» **Brief**:
Provide again, from the entries below, every line from the one containing "Emperor Falls Berg" through the one containing "Tangled Rapunzel Wallpaper", exactly as written, and no other line.
*** Provided material ***
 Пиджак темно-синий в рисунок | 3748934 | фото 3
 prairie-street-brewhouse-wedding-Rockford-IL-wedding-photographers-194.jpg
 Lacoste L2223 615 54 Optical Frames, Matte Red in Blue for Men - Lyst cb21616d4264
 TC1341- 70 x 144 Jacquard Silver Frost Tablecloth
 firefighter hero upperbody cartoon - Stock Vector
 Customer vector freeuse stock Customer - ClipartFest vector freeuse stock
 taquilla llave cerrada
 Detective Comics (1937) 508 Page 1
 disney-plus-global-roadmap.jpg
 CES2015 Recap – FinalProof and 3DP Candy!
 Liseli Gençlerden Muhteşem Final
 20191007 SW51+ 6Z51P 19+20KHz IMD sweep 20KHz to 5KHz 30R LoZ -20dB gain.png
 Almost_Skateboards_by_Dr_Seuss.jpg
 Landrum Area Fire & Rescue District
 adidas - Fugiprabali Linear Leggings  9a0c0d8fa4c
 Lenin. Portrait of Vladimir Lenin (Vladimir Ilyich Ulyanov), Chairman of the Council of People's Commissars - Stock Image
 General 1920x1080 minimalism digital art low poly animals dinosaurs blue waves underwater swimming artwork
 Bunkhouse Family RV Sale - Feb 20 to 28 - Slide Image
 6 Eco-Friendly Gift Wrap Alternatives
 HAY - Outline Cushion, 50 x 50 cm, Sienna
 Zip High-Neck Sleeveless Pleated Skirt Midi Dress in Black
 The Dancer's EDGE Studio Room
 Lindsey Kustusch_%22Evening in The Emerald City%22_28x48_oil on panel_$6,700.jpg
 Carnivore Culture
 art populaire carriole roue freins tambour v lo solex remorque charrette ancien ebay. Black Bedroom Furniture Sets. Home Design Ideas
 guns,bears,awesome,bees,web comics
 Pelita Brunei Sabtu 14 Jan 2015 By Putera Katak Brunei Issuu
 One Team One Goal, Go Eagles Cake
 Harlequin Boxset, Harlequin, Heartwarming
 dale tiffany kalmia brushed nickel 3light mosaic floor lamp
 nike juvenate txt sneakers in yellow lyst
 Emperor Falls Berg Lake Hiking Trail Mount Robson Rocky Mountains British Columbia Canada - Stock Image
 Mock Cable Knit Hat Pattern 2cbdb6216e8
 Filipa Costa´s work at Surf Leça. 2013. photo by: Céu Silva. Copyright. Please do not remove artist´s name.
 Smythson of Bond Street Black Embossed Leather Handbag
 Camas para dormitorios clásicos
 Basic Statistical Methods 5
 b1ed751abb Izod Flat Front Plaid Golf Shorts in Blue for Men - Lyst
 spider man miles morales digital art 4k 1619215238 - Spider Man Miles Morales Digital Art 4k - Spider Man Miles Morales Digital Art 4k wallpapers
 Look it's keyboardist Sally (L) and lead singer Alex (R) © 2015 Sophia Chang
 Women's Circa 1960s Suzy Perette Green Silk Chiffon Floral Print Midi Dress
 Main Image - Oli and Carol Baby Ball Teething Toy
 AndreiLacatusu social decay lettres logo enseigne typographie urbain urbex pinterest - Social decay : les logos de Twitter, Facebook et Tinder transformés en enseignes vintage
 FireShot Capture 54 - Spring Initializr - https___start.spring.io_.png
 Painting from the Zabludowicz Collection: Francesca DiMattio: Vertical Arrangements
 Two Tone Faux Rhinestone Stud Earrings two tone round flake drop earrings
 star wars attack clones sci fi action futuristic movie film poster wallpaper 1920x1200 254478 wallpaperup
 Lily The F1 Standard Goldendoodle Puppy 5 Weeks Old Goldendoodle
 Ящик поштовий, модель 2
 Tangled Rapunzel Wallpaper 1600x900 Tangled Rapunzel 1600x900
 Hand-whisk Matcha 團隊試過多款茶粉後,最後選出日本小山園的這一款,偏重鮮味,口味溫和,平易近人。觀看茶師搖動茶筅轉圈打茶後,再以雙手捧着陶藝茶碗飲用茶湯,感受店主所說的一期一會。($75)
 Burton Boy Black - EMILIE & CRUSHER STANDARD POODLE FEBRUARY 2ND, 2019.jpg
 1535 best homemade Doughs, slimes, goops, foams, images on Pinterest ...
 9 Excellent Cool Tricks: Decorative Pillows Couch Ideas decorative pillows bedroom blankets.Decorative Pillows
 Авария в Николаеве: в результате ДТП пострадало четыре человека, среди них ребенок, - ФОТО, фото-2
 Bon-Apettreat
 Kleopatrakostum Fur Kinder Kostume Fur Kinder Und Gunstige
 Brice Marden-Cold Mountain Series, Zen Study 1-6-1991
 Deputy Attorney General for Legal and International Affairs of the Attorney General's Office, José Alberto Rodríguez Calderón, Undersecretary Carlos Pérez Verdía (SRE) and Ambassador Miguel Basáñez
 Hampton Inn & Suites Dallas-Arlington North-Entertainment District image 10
*** End of Provided material ***
» **Task response**:
 Emperor Falls Berg Lake Hiking Trail Mount Robson Rocky Mountains British Columbia Canada - Stock Image
 Mock Cable Knit Hat Pattern 2cbdb6216e8
 Filipa Costa´s work at Surf Leça. 2013. photo by: Céu Silva. Copyright. Please do not remove artist´s name.
 Smythson of Bond Street Black Embossed Leather Handbag
 Camas para dormitorios clásicos
 Basic Statistical Methods 5
 b1ed751abb Izod Flat Front Plaid Golf Shorts in Blue for Men - Lyst
 spider man miles morales digital art 4k 1619215238 - Spider Man Miles Morales Digital Art 4k - Spider Man Miles Morales Digital Art 4k wallpapers
 Look it's keyboardist Sally (L) and lead singer Alex (R) © 2015 Sophia Chang
 Women's Circa 1960s Suzy Perette Green Silk Chiffon Floral Print Midi Dress
 Main Image - Oli and Carol Baby Ball Teething Toy
 AndreiLacatusu social decay lettres logo enseigne typographie urbain urbex pinterest - Social decay : les logos de Twitter, Facebook et Tinder transformés en enseignes vintage
 FireShot Capture 54 - Spring Initializr - https___start.spring.io_.png
 Painting from the Zabludowicz Collection: Francesca DiMattio: Vertical Arrangements
 Two Tone Faux Rhinestone Stud Earrings two tone round flake drop earrings
 star wars attack clones sci fi action futuristic movie film poster wallpaper 1920x1200 254478 wallpaperup
 Lily The F1 Standard Goldendoodle Puppy 5 Weeks Old Goldendoodle
 Ящик поштовий, модель 2
 Tangled Rapunzel Wallpaper 1600x900 Tangled Rapunzel 1600x900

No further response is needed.